Walking on water? Not quite. But a new study has revealed that microscopic traces of water exists all across the Moon's surface. (NASA)
In yesterday's post, we talked about the newly announced crew of Artemis 2, a.k.a. the group that will become the first humans to fly to the Moon in over 50 years.
The mission is ushering in a whole new era of lunar exploration. The Artemis program will ultimately place a permanent base on the Moon, as well as an orbiting space station, Lunar Gateway, that will act as a launching point for missions to Mars.
And today, we're going to look at how these future missions might get a very important resource. Water.
Water is not only vital to life, it is really heavy and impractical to transport over large distances. So any successful base on the Moon is going to need to find a way to maintain a source of water on the surface, and not rely on transports bringing it over.
Last year, new research from China's Chang'e 5 lunar rover revealed that traces of water was hidden on the Moon, located inside a boulder. And now further study is saying that there is actually a lot of lunar water that is trapped inside an unusual place.
Glass beads!
Not jewelry
These glass beads were found within a meteorite that crashes on Earth. They are similar to the ones found on the Moon. (Van Ginnekan, Genge and Harvey 2018, Geochimica et Cosmochimica Acta)
When we say 'glass beads', you're probably imagining a kind of jewelry. But these are something different.
These beads are very tiny, measuring only a few microns across (this is a measurement used for microscopic objects). And from what the Chang'e 5 data can determine, they mixed all throughout the dusty lunar soil.

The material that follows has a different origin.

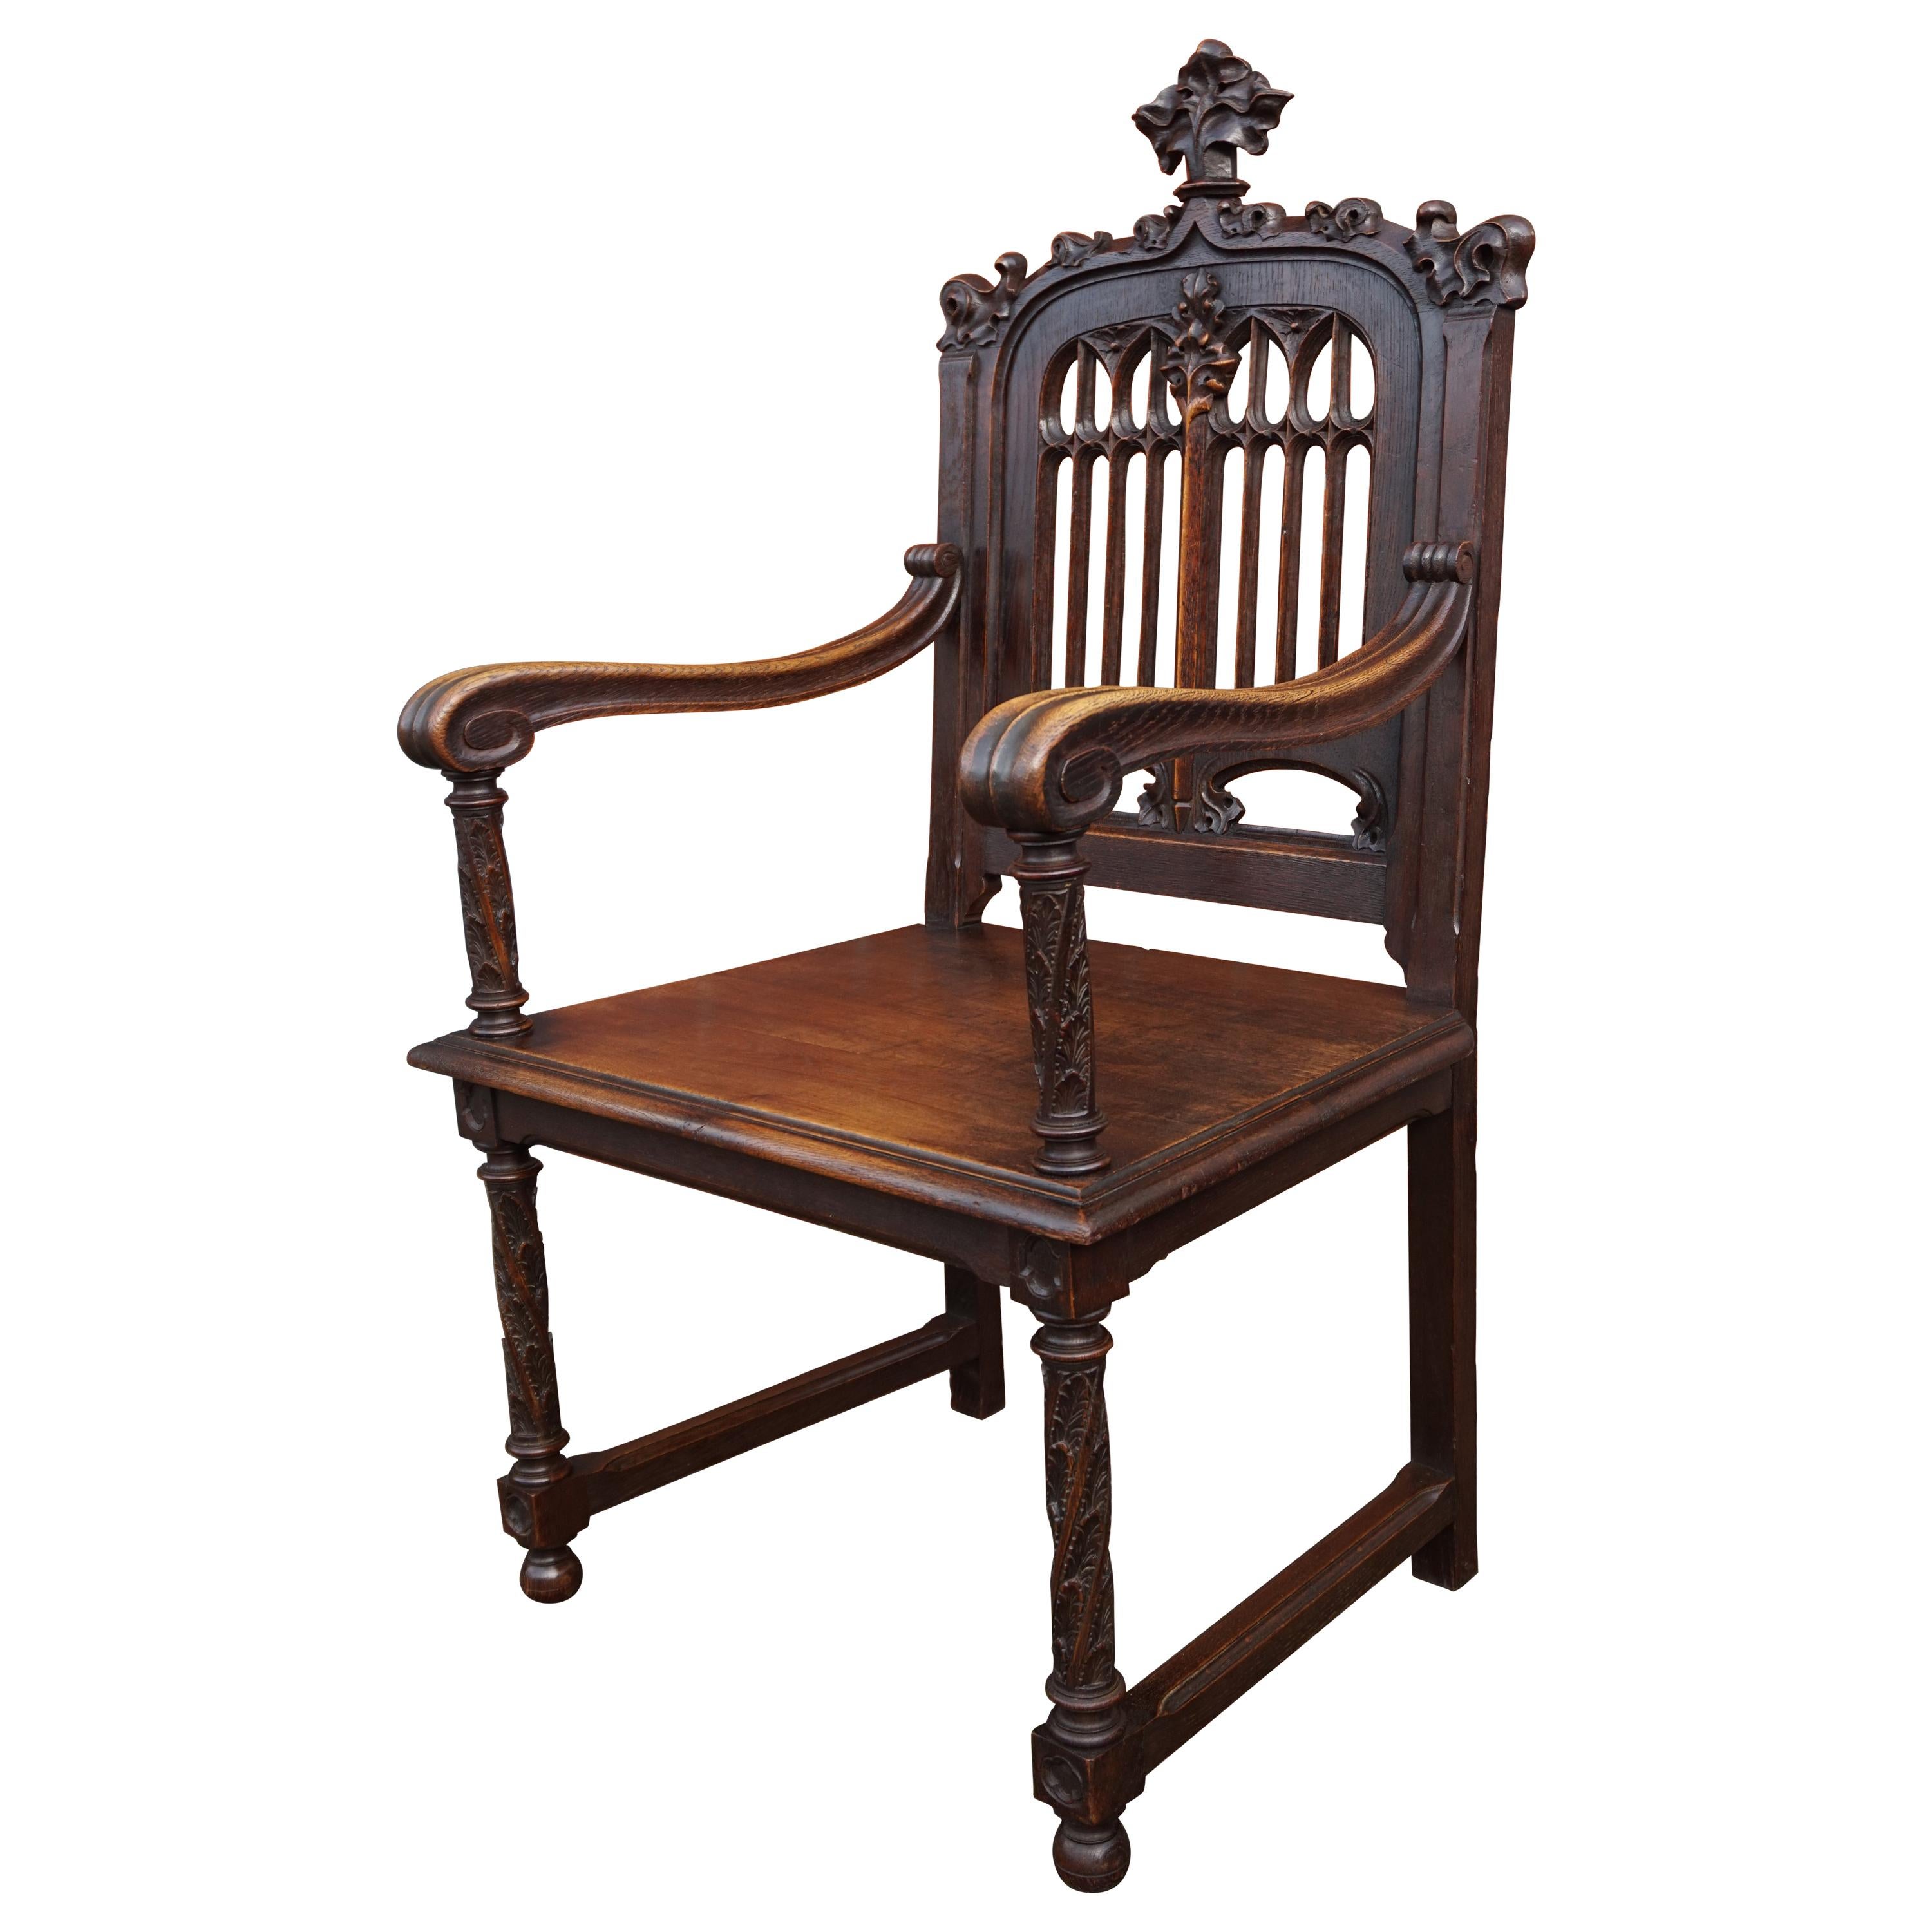 Chaise à bras Antique Revival parfaitement sculptée à la main et en superbe état

The beads are formed after meteors slam into the surface of the Moon at tens of thousands of kilometres per hour. The intense energy of the impact sprays particles of the surface everywhere and creates molten temperatures. Part of what is formed are these tiny beads of glass!
This process has happened millions of times over throughout the Moon's history, meaning that the surface is loaded with these glass beads. So that is how the beads get there. But where does the water come from? Is it formed inside the glass?

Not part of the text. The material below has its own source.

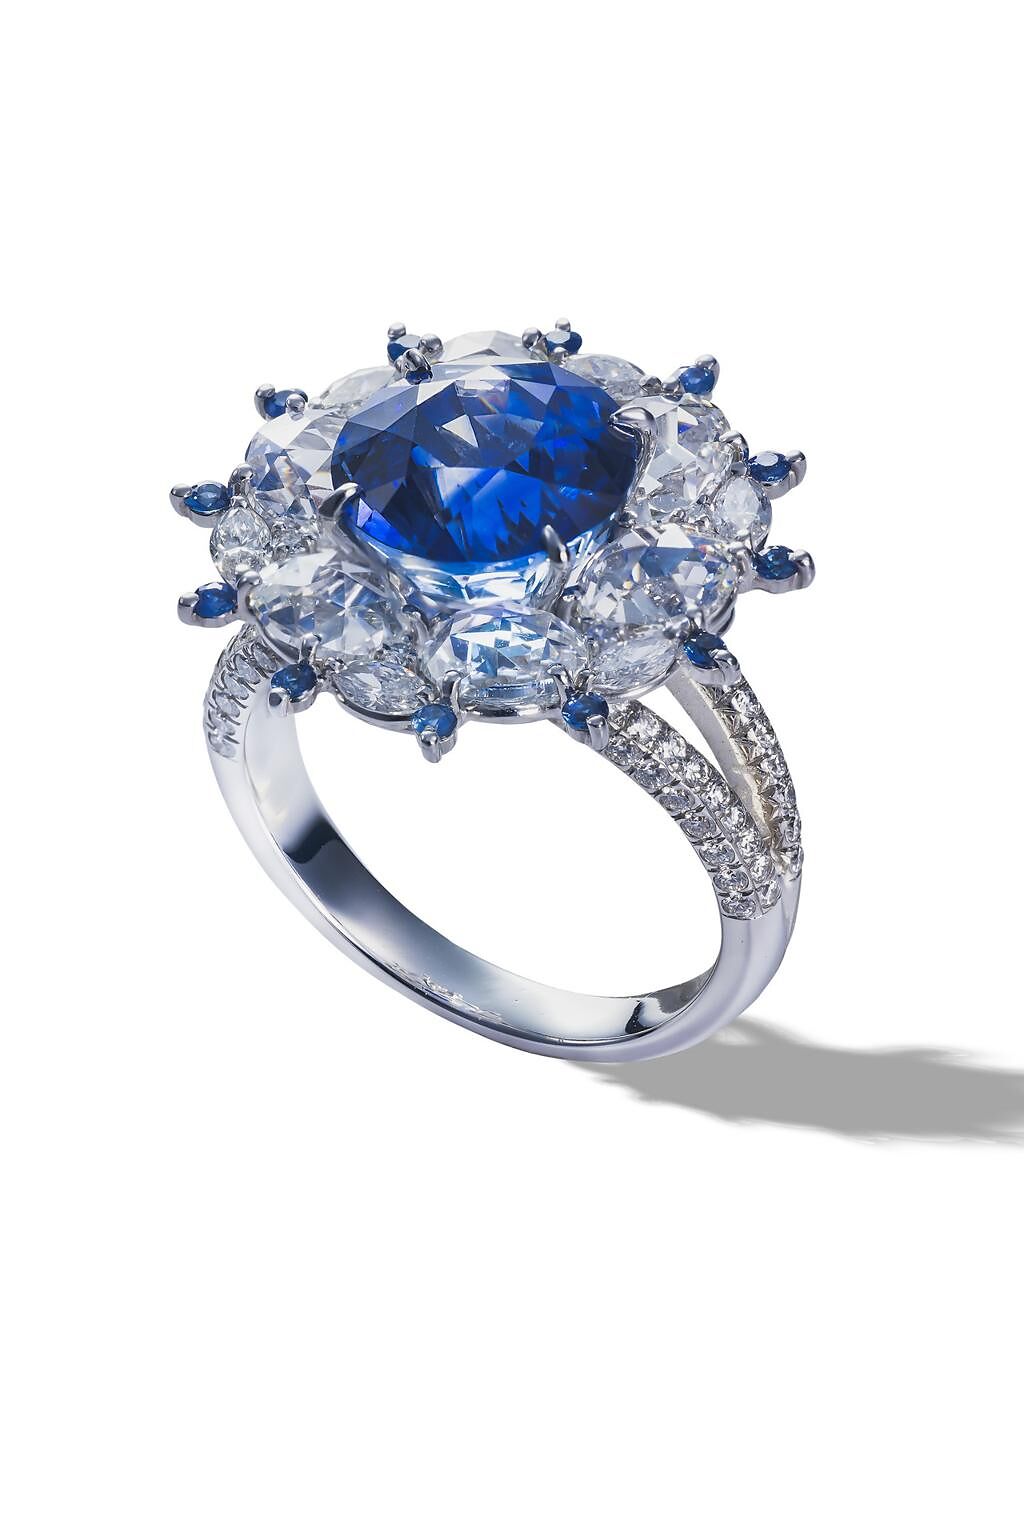 DAMIANI Absolute藍寶石戒指，300萬元。（DAMIANI提供）

No, but we're getting closer to the answer!
Solar wind + glass = water
This diagram shows the process that places water inside the glass beads on the Moon. (He et al., Nature Geoscience, 2023)

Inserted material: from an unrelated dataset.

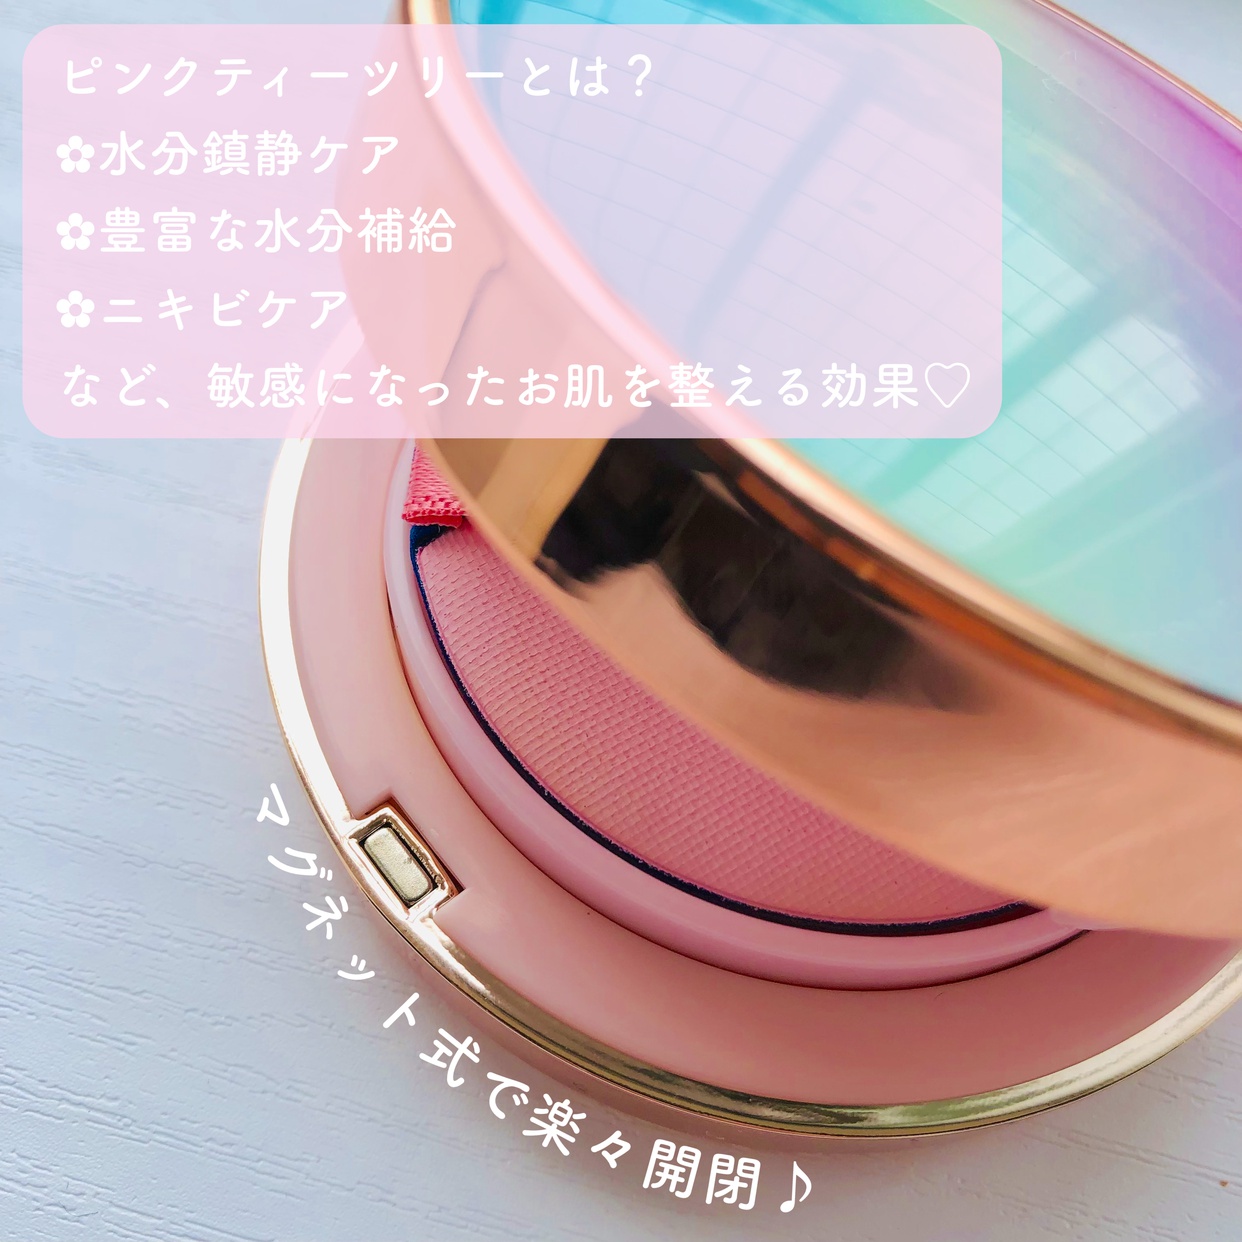 APLIN(アプリン) ピンクティーツリーカバークッションを使ったsachikoさんのクチコミ画像3

Though glass beads aren't created loaded with water, they are full of something important: oxygen.
As you may recall, the molecular signature of water is H2O, or two hydrogen atoms (H) plus one oxygen atom (O). The glass beads already have the necessary oxygen. So where does the hydrogen come from? Believe it or not, the Sun!
Solar winds are loaded with ionized hydrogen (in the case, essentially just lone protons). Because the Moon has no atmosphere or magnetic field, these winds rain down hydrogen upon the surface, which reacts with the oxygen inside the glass. Water is formed and absorbed into the beads, like a tiny sponge. Neat!
Small but mighty
Microscope images of the lunar glass beads. (He et al., Nature Geoscience, 2023)
It's a cool bit of science, but naturally leads to a question: Can tiny glass beads actually hold enough water to sustain a Moon base and its crew? Well, let's do some math.
Each glass bead can only hold around 0.002 grams of water per gram of its own weight. In other words, around a thousandth of a bead is water. And those beads are microscopic in the first place.
A drop of water is about 0.05 grams. So if you have 25g of glass beads, you could get a single drop of water.
Hmm. That doesn't sound promising, does it? Except that the Moon is absolutely littered with these beads, everywhere! Scientists estimate that altogether, the beads likely hold around 270 trillion kilograms (297.6 billion tons) of water. That's over half the amount of water in Lake Erie (which holds 480 trillion kg of water).
In other words, quite a lot of water.
Of course, that water would need to be harvested somehow—it's not a matter of just pouring yourself a glass of, er, glass! But this research points to an interesting way that humans might make being on the Moon a little more comfortable in the future!